The number of lines below that contain the word "marble" is all that the answer should hold.

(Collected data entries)
↓↓↓
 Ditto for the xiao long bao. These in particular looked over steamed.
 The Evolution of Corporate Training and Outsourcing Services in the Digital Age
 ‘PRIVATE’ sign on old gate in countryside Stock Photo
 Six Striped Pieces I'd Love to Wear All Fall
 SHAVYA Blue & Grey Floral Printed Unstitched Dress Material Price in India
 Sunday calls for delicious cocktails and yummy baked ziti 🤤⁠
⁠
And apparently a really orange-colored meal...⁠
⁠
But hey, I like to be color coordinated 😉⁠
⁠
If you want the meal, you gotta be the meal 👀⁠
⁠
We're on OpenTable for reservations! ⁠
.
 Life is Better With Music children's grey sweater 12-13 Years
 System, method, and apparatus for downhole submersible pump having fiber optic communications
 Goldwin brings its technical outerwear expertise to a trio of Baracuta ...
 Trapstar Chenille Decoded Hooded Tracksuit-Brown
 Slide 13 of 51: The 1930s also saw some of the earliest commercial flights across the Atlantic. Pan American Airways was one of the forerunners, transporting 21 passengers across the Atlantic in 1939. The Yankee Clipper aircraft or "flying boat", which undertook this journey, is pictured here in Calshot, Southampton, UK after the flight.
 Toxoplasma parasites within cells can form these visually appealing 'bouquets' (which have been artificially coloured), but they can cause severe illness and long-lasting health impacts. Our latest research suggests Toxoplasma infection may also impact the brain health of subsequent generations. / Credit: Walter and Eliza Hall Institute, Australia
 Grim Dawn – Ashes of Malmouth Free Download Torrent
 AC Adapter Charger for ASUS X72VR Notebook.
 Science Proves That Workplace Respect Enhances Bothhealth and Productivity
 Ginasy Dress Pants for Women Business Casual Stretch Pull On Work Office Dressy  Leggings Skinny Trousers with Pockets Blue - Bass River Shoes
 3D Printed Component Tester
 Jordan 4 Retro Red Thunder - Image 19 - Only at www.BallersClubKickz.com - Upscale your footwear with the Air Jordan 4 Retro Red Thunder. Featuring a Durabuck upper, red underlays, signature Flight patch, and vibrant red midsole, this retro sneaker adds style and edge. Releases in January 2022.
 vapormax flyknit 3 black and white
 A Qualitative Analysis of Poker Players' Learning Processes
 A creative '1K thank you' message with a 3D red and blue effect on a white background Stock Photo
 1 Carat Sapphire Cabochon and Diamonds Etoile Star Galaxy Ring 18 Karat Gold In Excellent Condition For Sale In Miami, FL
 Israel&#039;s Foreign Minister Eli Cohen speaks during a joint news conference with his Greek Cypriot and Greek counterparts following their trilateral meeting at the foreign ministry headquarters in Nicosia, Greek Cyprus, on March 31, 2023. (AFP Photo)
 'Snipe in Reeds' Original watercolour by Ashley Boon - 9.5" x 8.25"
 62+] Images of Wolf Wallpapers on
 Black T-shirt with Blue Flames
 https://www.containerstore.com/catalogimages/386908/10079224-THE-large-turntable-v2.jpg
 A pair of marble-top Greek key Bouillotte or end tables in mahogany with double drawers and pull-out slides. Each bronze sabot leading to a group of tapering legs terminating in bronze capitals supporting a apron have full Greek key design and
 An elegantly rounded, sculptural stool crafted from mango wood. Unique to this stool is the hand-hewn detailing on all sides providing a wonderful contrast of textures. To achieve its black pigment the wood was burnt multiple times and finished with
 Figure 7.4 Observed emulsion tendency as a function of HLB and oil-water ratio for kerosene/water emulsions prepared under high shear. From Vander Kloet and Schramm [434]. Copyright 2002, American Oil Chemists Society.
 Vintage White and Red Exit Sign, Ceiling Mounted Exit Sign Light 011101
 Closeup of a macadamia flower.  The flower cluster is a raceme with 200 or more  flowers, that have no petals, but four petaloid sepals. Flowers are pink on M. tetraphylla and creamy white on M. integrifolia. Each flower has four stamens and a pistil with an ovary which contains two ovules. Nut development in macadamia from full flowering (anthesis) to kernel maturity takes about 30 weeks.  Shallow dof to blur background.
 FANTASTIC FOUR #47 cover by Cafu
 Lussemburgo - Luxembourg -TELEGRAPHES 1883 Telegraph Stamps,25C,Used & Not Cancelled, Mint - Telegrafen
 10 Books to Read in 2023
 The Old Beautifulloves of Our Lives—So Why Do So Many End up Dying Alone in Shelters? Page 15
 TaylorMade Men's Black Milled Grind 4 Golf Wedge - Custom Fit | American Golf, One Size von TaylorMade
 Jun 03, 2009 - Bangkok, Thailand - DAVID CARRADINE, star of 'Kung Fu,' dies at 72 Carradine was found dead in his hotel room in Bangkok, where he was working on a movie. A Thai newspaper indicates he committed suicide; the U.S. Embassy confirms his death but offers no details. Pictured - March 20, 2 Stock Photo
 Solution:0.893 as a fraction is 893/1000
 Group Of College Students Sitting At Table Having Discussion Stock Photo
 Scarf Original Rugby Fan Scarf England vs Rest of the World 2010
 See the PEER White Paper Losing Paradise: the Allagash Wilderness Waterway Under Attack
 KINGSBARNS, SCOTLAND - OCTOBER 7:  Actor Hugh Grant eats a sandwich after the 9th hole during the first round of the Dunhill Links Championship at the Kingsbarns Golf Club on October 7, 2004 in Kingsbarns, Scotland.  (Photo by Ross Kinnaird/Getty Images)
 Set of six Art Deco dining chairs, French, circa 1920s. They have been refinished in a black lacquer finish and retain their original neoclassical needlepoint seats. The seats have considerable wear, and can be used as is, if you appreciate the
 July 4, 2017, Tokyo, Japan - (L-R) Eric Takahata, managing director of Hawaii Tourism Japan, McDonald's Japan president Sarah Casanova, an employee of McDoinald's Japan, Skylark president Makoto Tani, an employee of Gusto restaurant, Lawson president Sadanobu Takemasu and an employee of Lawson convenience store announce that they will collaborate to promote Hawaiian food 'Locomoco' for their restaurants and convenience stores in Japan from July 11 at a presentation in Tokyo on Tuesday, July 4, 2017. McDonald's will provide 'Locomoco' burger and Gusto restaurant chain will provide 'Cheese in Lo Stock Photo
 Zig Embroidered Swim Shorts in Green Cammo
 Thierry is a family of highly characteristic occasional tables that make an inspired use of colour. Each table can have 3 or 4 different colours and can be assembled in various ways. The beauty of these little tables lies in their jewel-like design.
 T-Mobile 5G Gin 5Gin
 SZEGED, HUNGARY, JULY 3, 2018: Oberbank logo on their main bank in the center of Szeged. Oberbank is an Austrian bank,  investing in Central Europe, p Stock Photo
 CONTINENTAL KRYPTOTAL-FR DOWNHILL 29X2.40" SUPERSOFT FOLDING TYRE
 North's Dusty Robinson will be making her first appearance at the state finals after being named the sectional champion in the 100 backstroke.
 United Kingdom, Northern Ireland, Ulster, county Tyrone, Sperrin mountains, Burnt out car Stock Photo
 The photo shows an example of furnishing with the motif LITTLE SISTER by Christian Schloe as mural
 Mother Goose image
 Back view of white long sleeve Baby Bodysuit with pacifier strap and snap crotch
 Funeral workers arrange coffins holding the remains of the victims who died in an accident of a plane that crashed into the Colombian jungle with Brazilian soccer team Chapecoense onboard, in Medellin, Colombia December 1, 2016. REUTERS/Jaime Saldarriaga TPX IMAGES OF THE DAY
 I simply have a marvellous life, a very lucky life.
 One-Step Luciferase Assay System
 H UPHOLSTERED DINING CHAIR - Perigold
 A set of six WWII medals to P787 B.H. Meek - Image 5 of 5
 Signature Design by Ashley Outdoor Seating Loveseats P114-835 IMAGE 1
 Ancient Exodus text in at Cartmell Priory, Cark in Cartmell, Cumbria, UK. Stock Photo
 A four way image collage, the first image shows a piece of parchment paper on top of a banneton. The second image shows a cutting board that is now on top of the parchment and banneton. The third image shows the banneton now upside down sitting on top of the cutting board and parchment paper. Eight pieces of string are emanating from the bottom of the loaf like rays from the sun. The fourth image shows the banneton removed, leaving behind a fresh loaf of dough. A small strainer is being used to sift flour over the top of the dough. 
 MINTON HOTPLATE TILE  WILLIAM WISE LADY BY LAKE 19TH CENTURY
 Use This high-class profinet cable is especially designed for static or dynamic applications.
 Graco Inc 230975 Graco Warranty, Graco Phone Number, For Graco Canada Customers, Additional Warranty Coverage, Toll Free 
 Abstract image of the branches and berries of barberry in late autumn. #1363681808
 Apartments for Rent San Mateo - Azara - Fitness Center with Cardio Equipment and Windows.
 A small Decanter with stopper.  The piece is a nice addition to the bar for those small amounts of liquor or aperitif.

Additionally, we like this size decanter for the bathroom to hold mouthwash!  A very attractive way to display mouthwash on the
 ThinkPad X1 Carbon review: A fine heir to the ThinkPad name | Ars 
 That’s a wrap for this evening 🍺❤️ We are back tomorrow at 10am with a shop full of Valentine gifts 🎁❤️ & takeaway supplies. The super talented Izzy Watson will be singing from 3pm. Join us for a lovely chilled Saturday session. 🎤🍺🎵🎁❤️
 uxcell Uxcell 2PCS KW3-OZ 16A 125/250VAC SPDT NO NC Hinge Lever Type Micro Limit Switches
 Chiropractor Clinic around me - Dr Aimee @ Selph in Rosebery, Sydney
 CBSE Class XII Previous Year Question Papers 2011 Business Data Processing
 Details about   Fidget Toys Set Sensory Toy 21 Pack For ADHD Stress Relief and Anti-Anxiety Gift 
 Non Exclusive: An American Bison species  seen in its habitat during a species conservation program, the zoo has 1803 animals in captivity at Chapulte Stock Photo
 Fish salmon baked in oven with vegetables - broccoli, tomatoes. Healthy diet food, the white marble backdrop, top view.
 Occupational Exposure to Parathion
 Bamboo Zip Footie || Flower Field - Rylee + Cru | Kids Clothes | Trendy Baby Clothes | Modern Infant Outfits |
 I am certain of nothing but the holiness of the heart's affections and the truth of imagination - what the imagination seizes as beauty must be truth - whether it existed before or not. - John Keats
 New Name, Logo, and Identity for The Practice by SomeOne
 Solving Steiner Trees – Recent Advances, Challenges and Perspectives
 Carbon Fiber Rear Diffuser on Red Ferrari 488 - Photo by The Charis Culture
↑↑↑
Written answer: 2